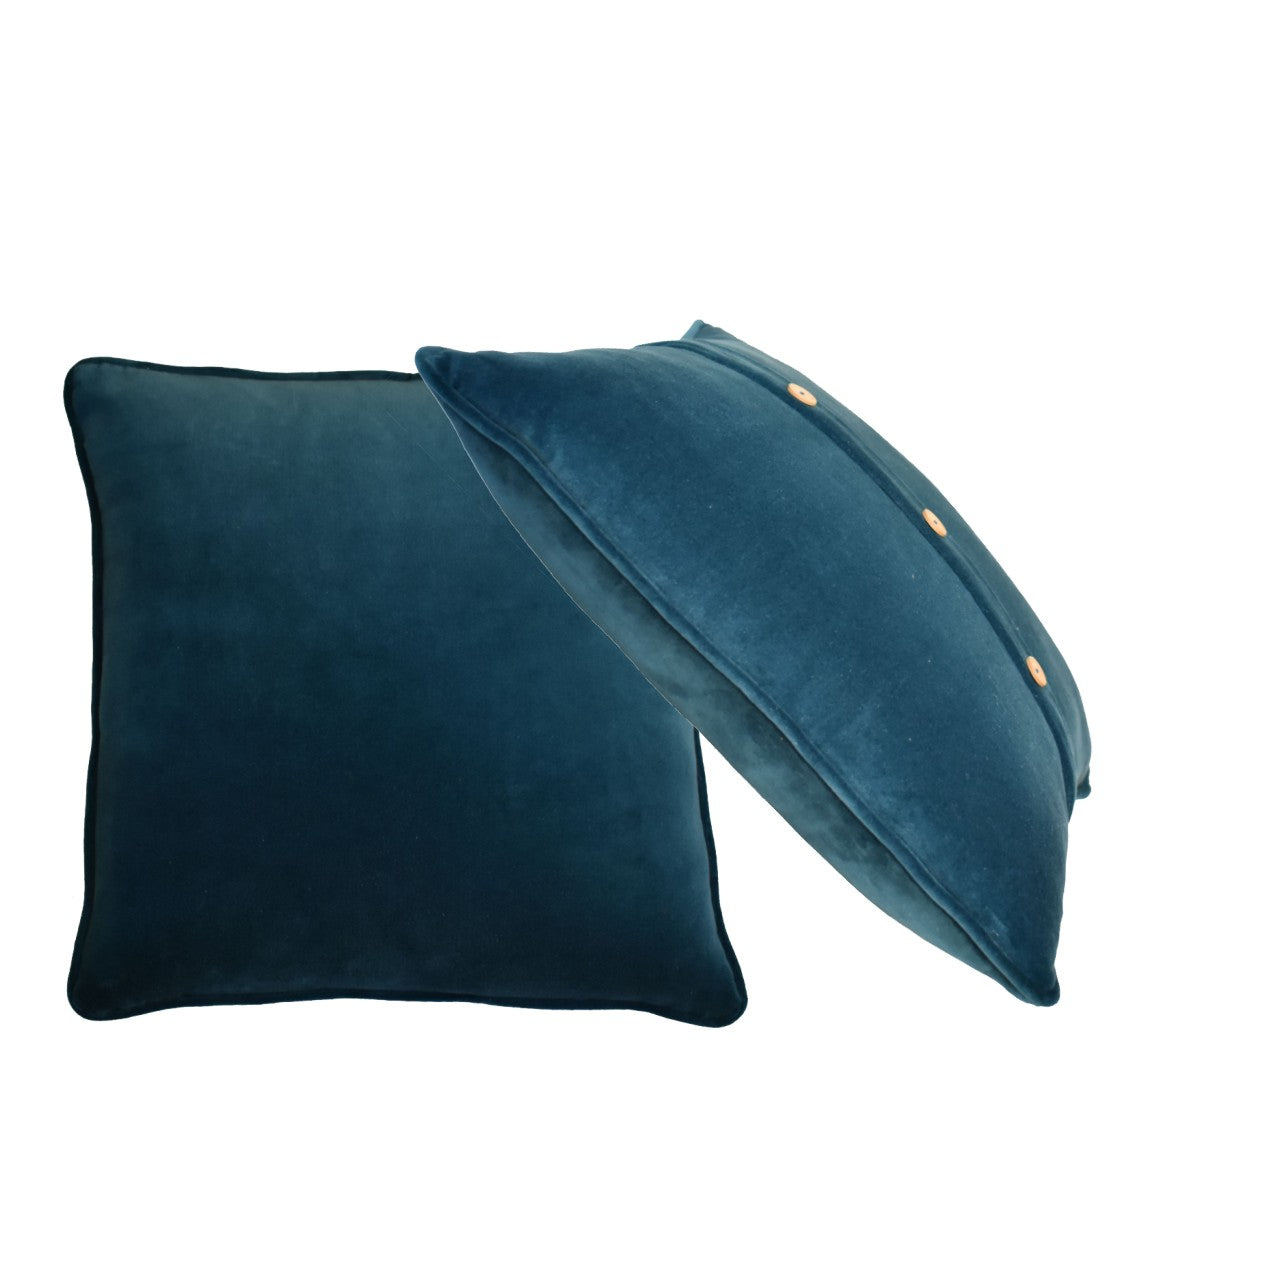 quinn cushion set of 2 teal
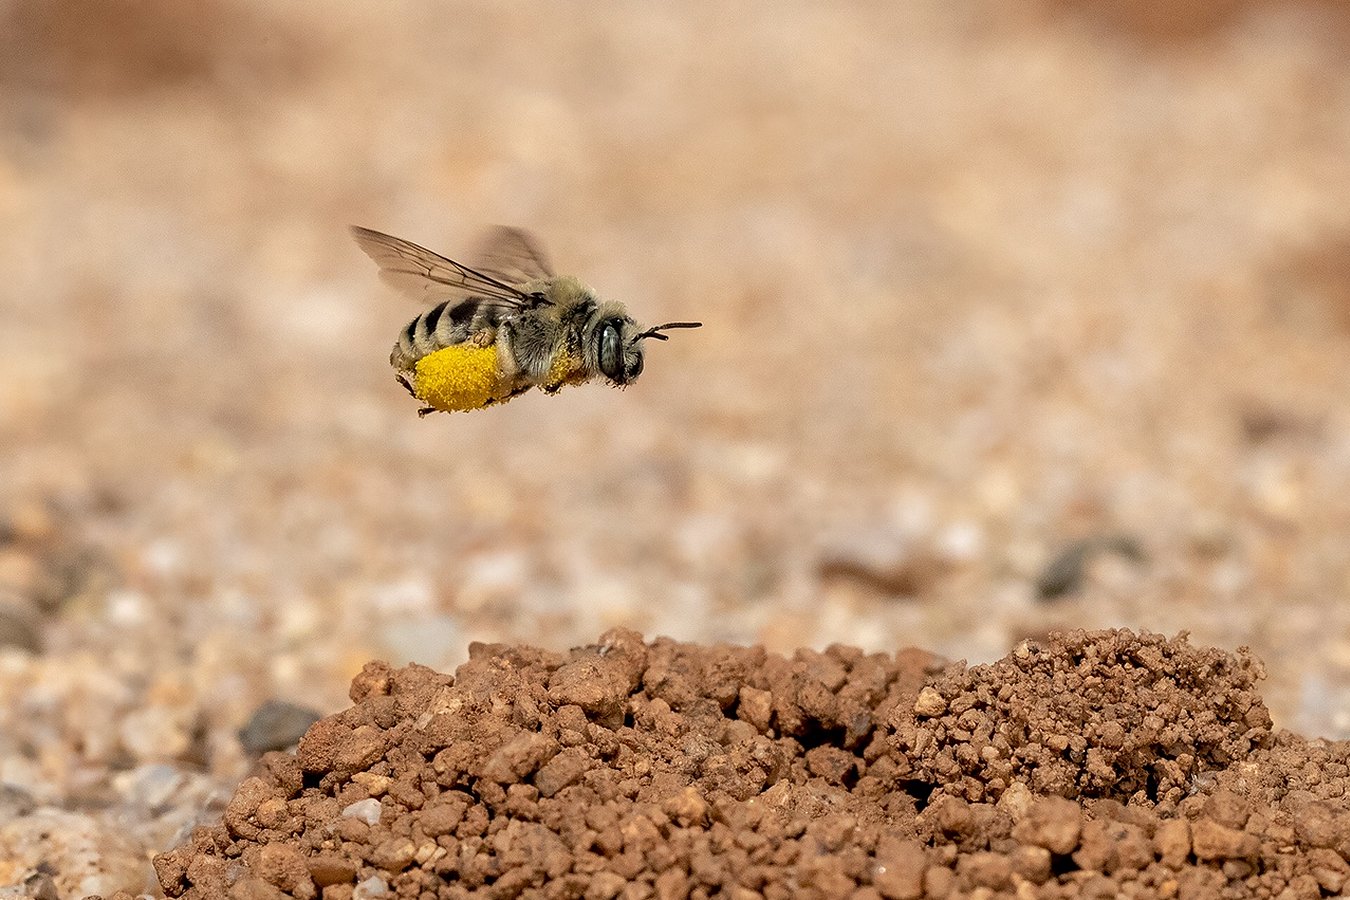 Diadasia rinconis (Apidae) Chimney Bee in Arizona | photo by Bruce Taubert
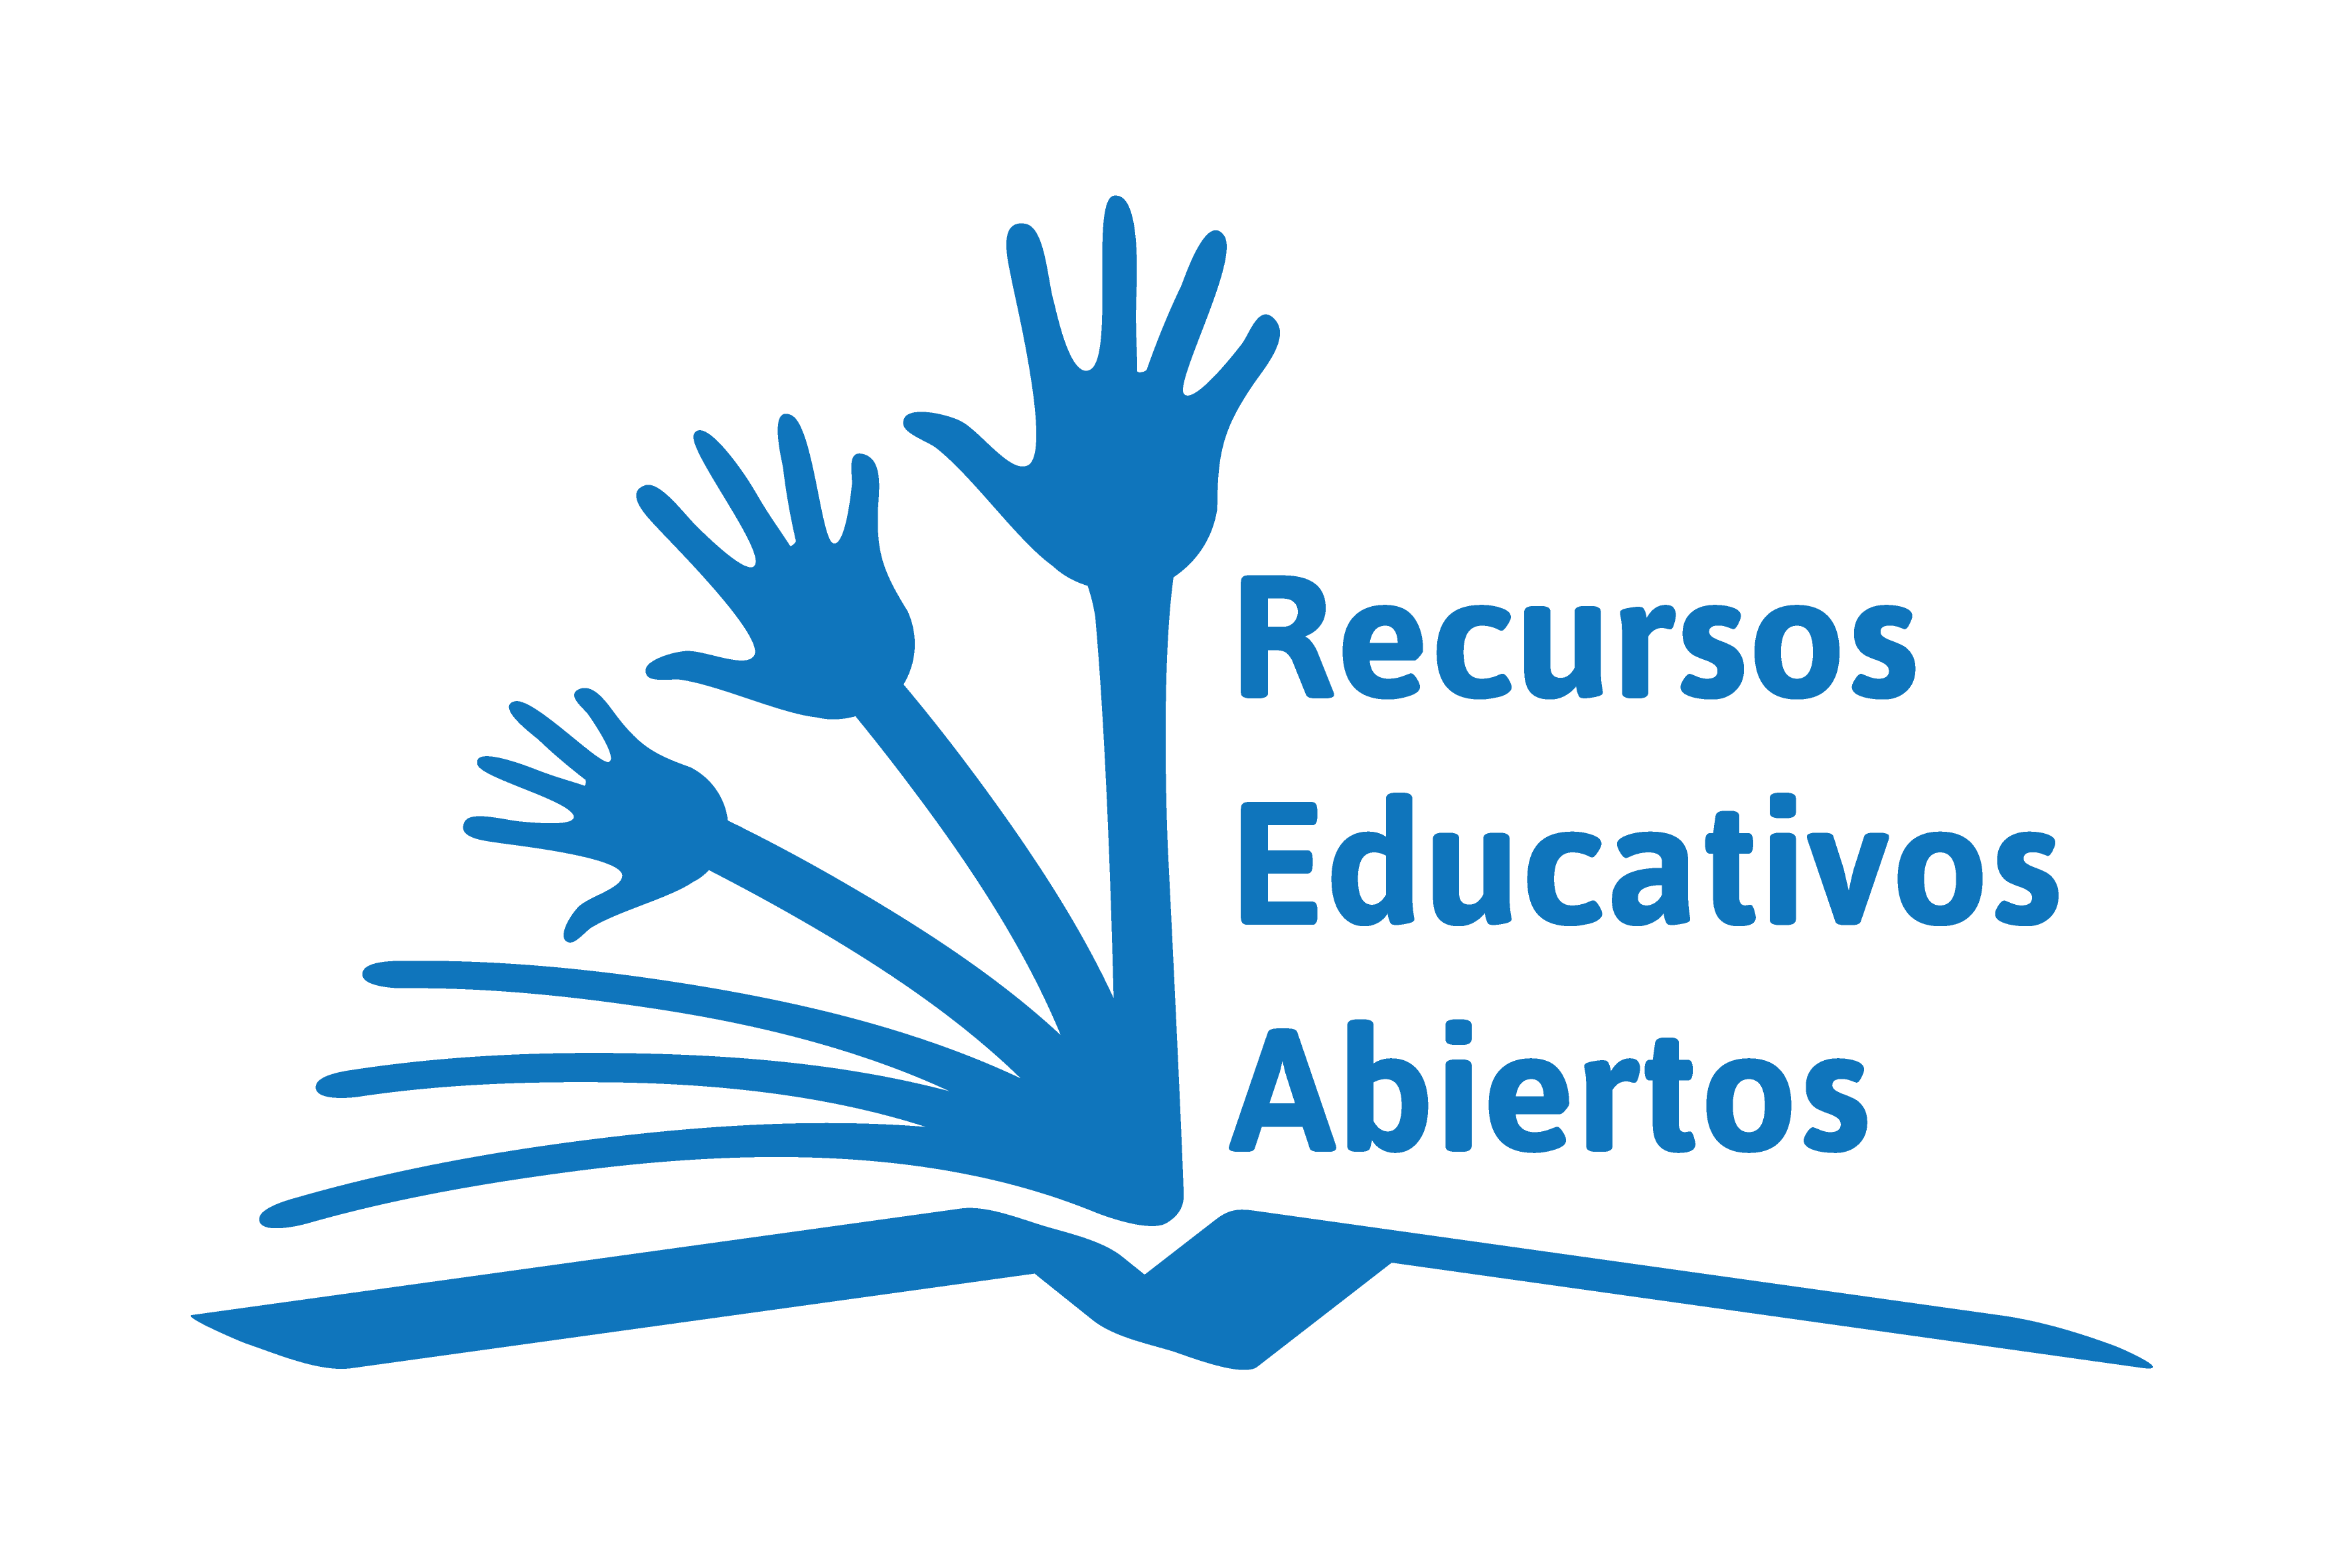 Innovación educativa con Recurso Educativos Abiertos (REA)

◆ Problem ◆
Reproduce the lines of the listing exactly, starting at the one that contains "Diadasia rinconis (Apidae)" and continuing through the final line, but leave out the pictures.

◆ Response for this exercise ◆
 Diadasia rinconis (Apidae) Chimney Bee in Arizona | photo by Bruce Taubert
 Innovación educativa con Recurso Educativos Abiertos (REA)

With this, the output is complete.